Stress has gotten a bad rap. Sometimes it's necessary. Stressful situations trigger physical reactions such as increased adrenalin and our fight or flight response.  We rely on these reactions to help us cope with all kinds of threatening situations, including daily ones. We hit the brakes when we see the car in front of us looming too closely, pay more attention to the location of our wallet or handbag in a crowd and scan walkways for signs of ice patches or broken cement. 

The downside of stress occurs when our stress responses are too frequent, intense or long-lasting. When stress gets out of control, our work, health and love life can suffer, too.

Here is a tip sheet about the links between stress and love.

1.  On your health

The affects of stress on your health can snowball into damaging your relationship. For example, one of the most common coping reactions to stress is to overeat. Weight gain can lead to all kinds of unwanted physical ailments such as heart disease, diabetes and eroded knees. Other common ailments such as reflux or sleep apnea can drain your energy and comfort.

When you become short of breath, tired and achy, you risk becoming a relationship dead zone. You feel too weak, disinterested and depressed for sex and relating in general. Your mood changes, and you can vacillate between being withdrawn and short-tempered.  If you don't get proactive, you could fall into a relationship black hole that is too difficult to escape. 

Solutions:

  • Get a yearly check up and listen to your physicians. 
  • Yes, it's scary to get bad news, but the sooner you hear it, the more chances you have to help yourself and your loved ones. 
  • Remind yourself that avoiding doctors and their advice is a selfish act of cowardice.
  • Recruit a buddy or family member to help you stay on your new course.  I said help--not turn into your portable nag.  The only way to turn down the volume on your buddy's words is to make sure you are fulfilling your part of the responsibility. 
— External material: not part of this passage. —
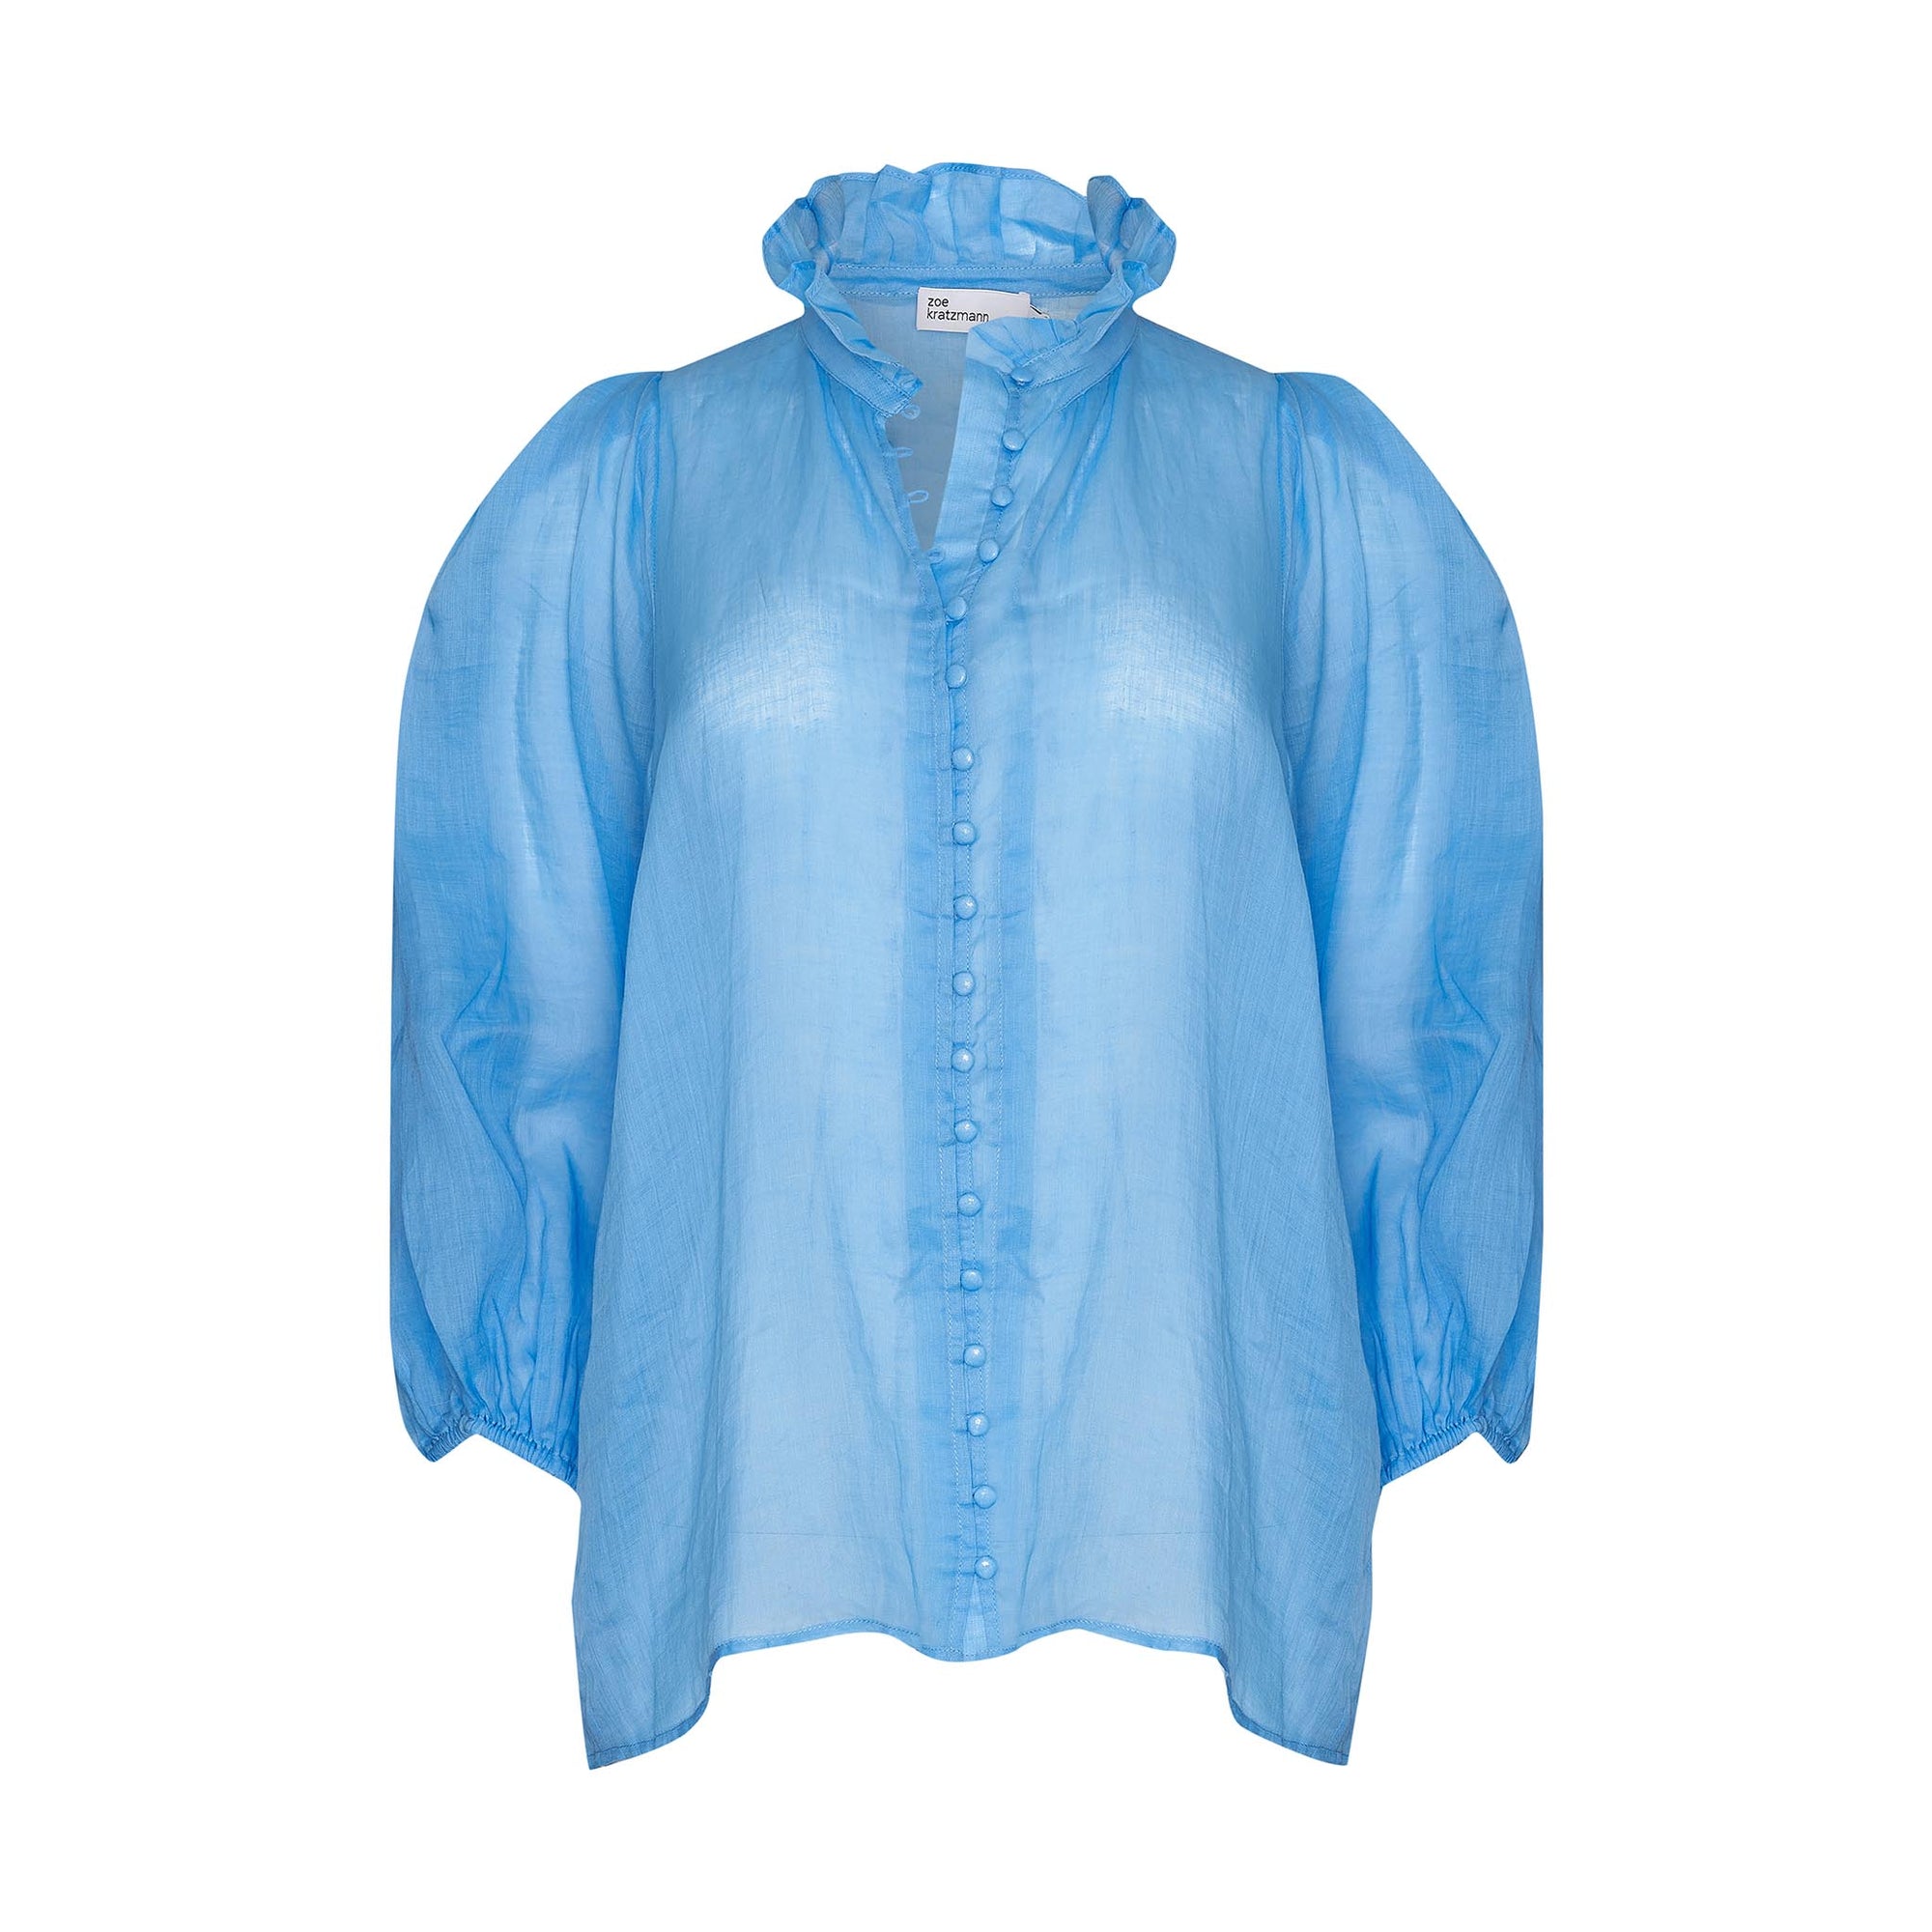 blue, ruffle neck collar, buttons down centre, mid length sleeve, shirt, product image

2.  On your work and finances

Unhappy at work, unhappy at home.  In these trying times, it's easy to feel that life's opportunities have passed you by. A common reaction to overwhelming circumstances is to become depressed. Unfortunately, as soon as the depression floodgates are open, its powerful relatives of indecisiveness and fear set in. Soon, helplessness hijacks your resolve and clarity. No choice seems like a good one. 
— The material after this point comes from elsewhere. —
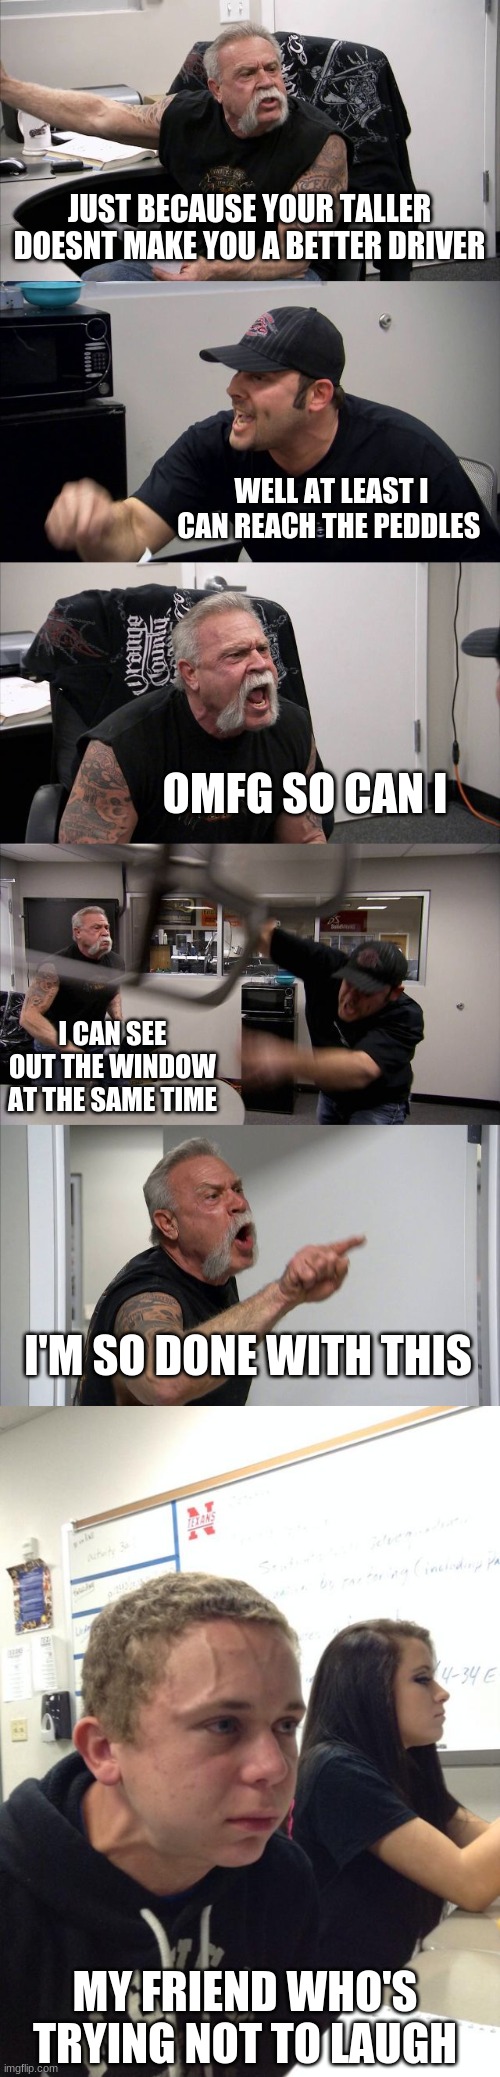 this was a real middle school conversation I had lmao | JUST BECAUSE YOUR TALLER DOESNT MAKE YOU A BETTER DRIVER; WELL AT LEAST I CAN REACH THE PEDDLES; OMFG SO CAN I; I CAN SEE OUT THE WINDOW AT THE SAME TIME; I'M SO DONE WITH THIS; MY FRIEND WHO'S TRYING NOT TO LAUGH | image tagged in memes,american chopper argument,hold fart | made w/ Imgflip meme maker

When you've got lead in your shoes, you've got lead in your heart. Relating can become too difficult. Your anger taints most of your interactions, and your self-loathing at your lack of decisiveness deals the final blow on your feeling lovable enough to be loved. You drive your partner away--which, on some level suits you just fine.  Now you've traded the fear of risk-taking for the comfort of doing nothing.

Solution:

  • Seek help.  Don't go it alone. The moment you feel stymied and emotionally paralyzed, seek advice from your partner, friends, religious leaders, financial and career advisors or therapists. 
  • Create an action plan.  Brainstorm, think big and small. Could you relocate?  Get training in a new field? Take on a second job? Depression often accompanies helplessness. The best antidote is to develop an actionable plan.
  • Get real.  Perhaps now is not the time to re-do the kitchen or go back to school full-time.  Remind yourself that self-esteem increases with taking back control through reasonable steps.  Aiming too high or low--sure signs of fears of success and failure--increases your depression, agitation and relationship difficulties. 
  • Use the right tools of self-evaluation. Retool your personal values. You are not measured by what you have or own but by what you do.  The more you work to take the necessary steps of change, the better you feel about yourself.  When we like ourselves, we want to relate to our partner.
  • Volunteer, get involved in helping others. Helping others less fortunate is a depression-fighter. It connects you to people, makes you feel valued and forces you to re-evaluate your situation.

3.  On your normal behavior 

Tough times lead to unwanted behavior.  You become snippy, critical, over-sensitive, sarcastic, dulled and withdrawn. Marital research reveals that criticism and withdrawal are kisses of death to love.

Solution:

  • Become aware of your mood changes.  Observe yourself. Are you morphing into a permanent couch potato? Getting high-strung? 
  • Know these common warning signs that your stress has spilled over into your relationship such as losing interest in sex, being withdrawn, or becoming overly negative.